In Vivo Radioluminescent Implant Studies: Quantification Validation

In the first category of the in vivo experiments, calibrated radioluminescent tritium-filled glass beads are implanted surgically at fixed locations in live mice under anesthesia.^6,31 With a diameter of around 1 mm and a length of 5 mm, the barrel-shaped beads maintain a fixed radiant flux of $3.6\times {10}^{10}\mathrm{photons}/\mathrm{s}$.

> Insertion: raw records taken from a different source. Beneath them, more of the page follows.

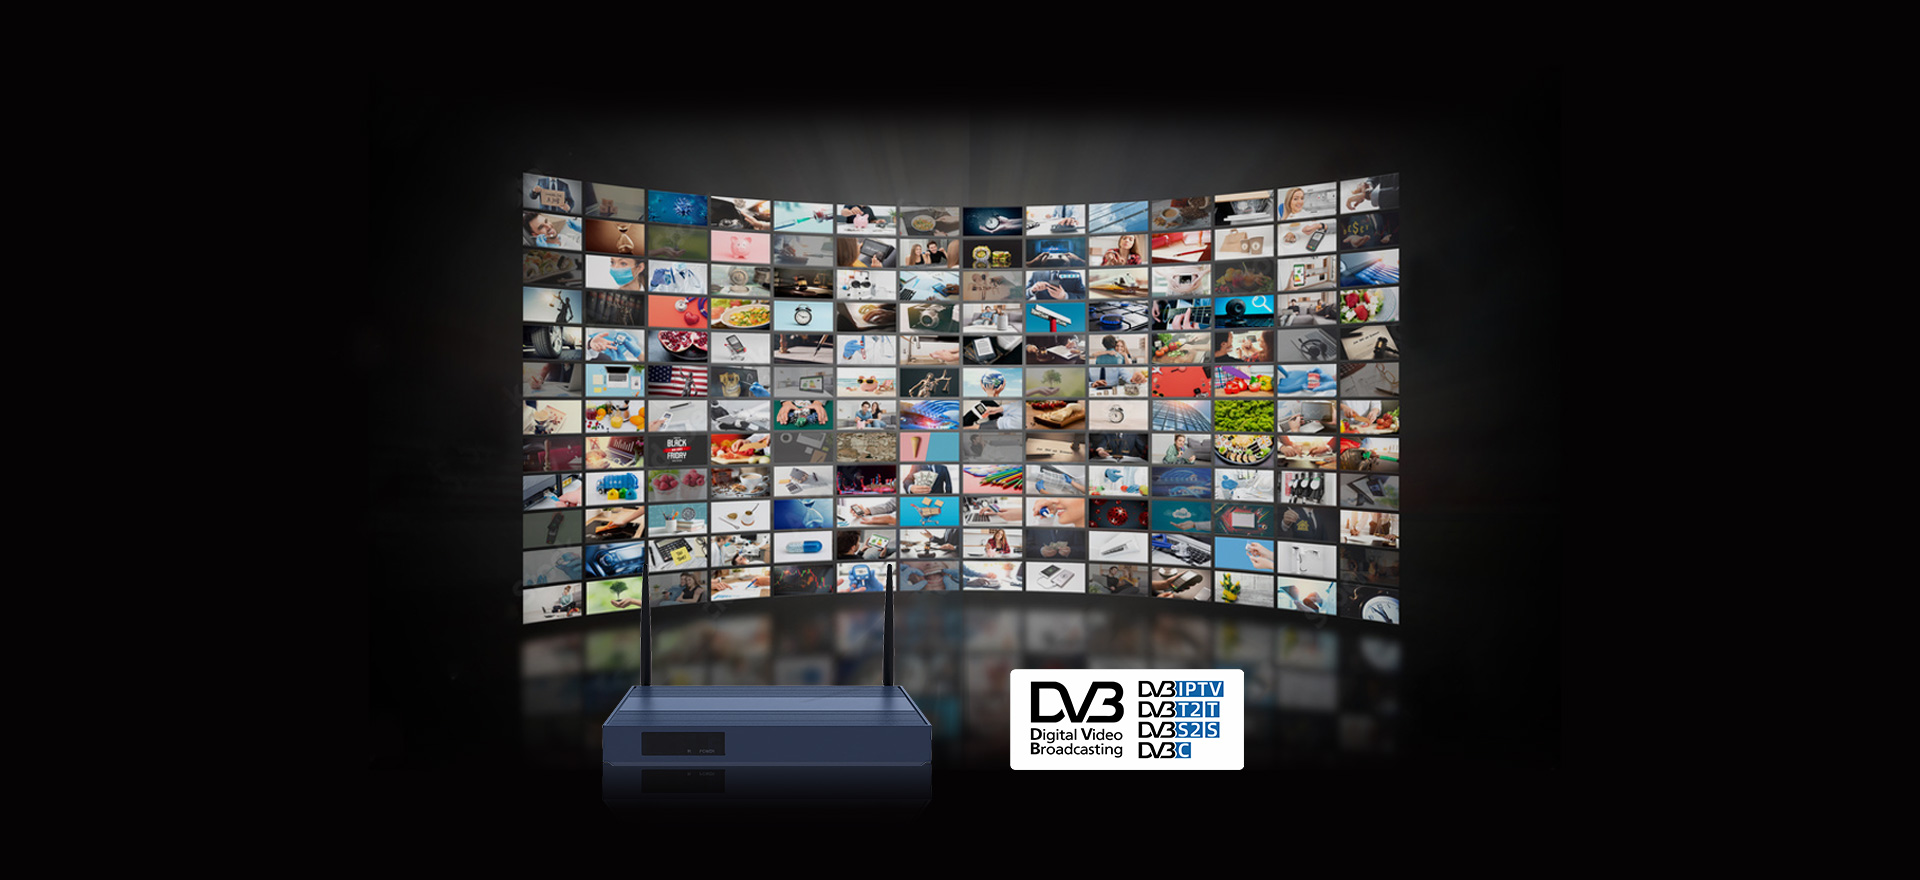 KW1 支持 DVB-S/S2 DVB-T/T2 DVB-C 标准
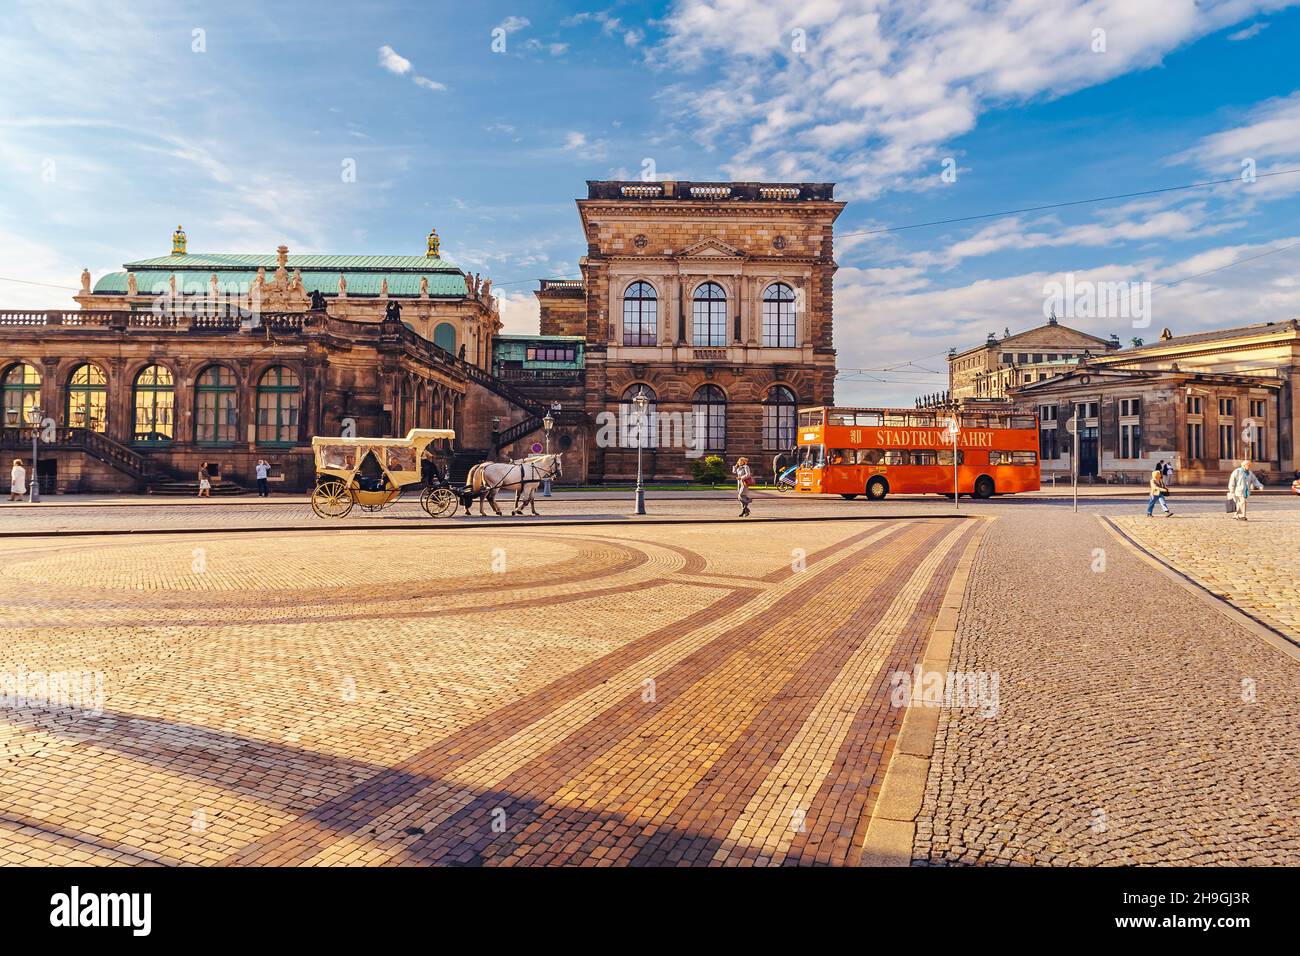 DRESDE, SAXE, ALLEMAGNE - VERS AOÛT 2018 : le paysage urbain de la ville de Dresde et de ses environs, Allemagne. Banque D'Images
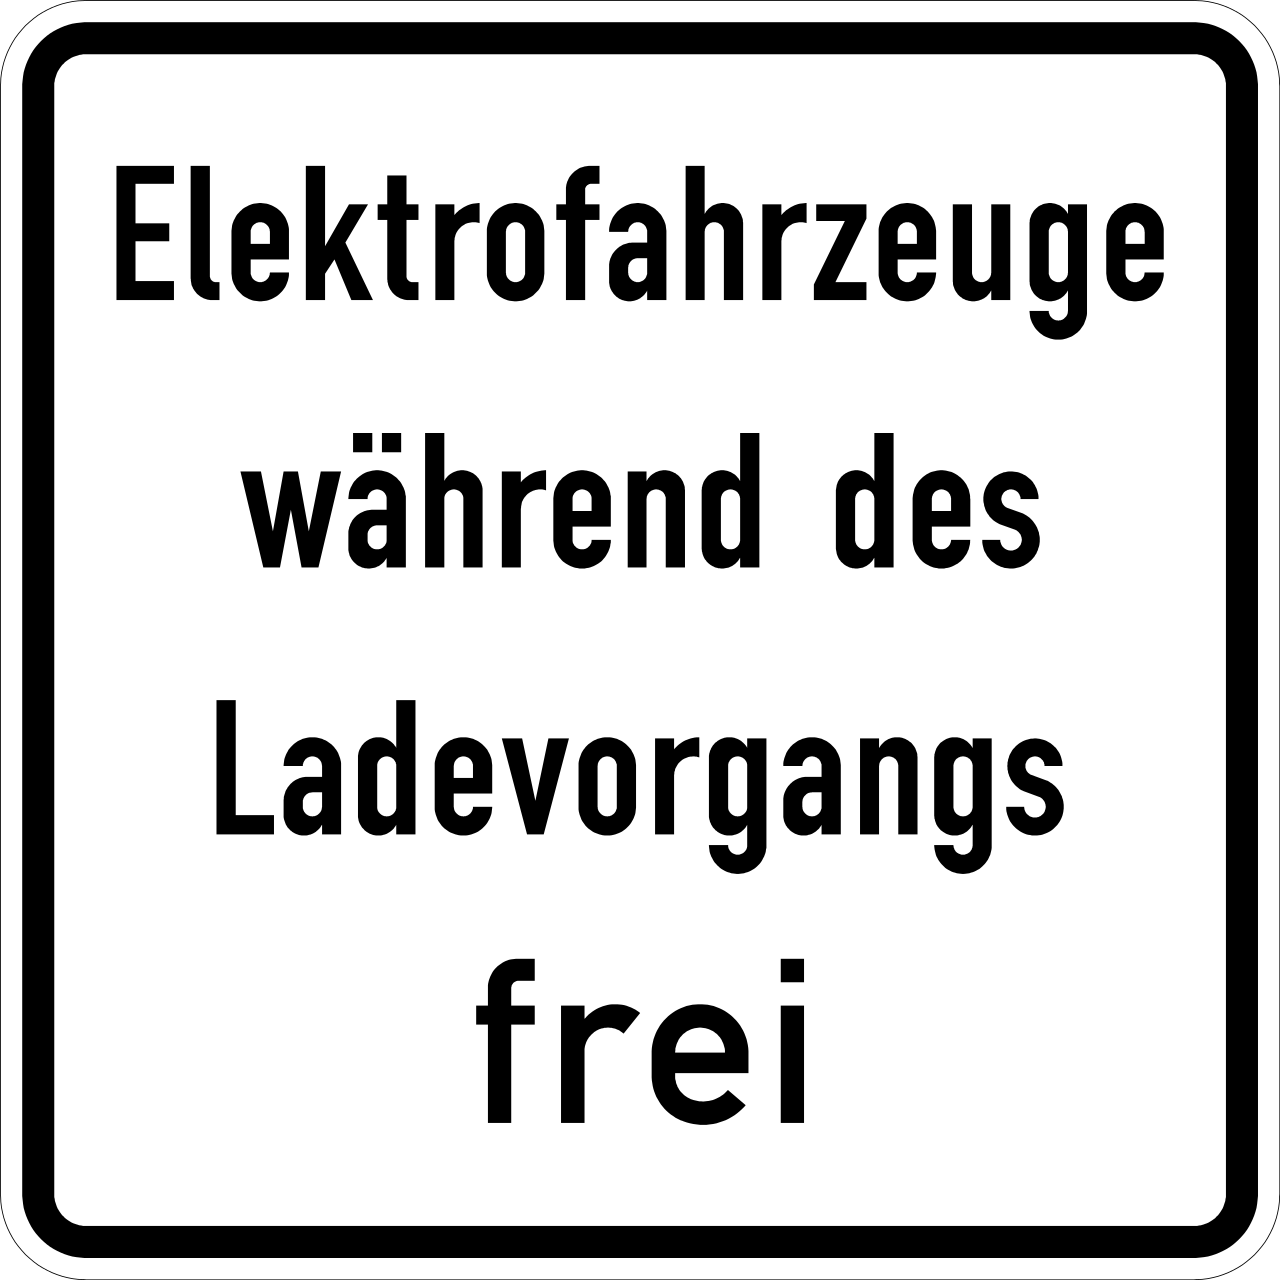 Elektrofahrzeuge wäh­rend des Ladevorgangs frei (VzKat 1026.60)

Four tritium bead experiments are presented in this paper for in vivo validation of the proposed MLS-AART as depicted in Fig. 4: (1) two beads implanted 2 mm deep in the pelvic fat region of a nu/nu mouse and imaged on the ventral side, (2) two beads implanted 4.5 and 5.9 mm deep in left and right thighs of a nu/nu mouse, respectively, and imaged on the dorsal side, (3) two beads implanted 4 mm deep in the left and right thighs of a nu/nu mouse and imaged on the ventral side, and (4) one tritium bead implanted 3 mm deep in the scruff region of a nu/nu mouse and imaged on the dorsal side. All cases were imaged at wavelengths of 560, 580, 600, 620, and 640 nm at an FOV of 12.6 deg with a binning factor of 8 and average exposure time of $1\mathrm{s}/\mathrm{image}$. Structured light analysis was performed to render the mouse boundary visible to the camera lens. While no a priori information regarding the shape, size, or position of the implants is used by the reconstruction algorithm, the volume over which the reconstruction is performed is limited to the 3-D space laterally bounded by the coordinates of the data points used by the algorithm.

Fig. 4

In vivo studies for flux quantification of radioluminescent implants in nu/nu mice: (a) ventral view data from two tritium beads implanted in pelvic fat region of a nu/nu mouse;(b) reconstruction of the pelvic fat implants using MLS-AART;(c) data fidelity or fit between simulated from reconstructed sources and original data;(d) reconstruction using MLS-AART for dorsal data from two tritium beads implanted in thighs of a nu/nu mouse;(e) reconstruction using MLS-AART for ventral data from two tritium beads implanted in thighs of a nu/nu mouse; and (f) reconstruction for dorsal data from a tritium bead implanted in the scruff region of a nu/nu mouse.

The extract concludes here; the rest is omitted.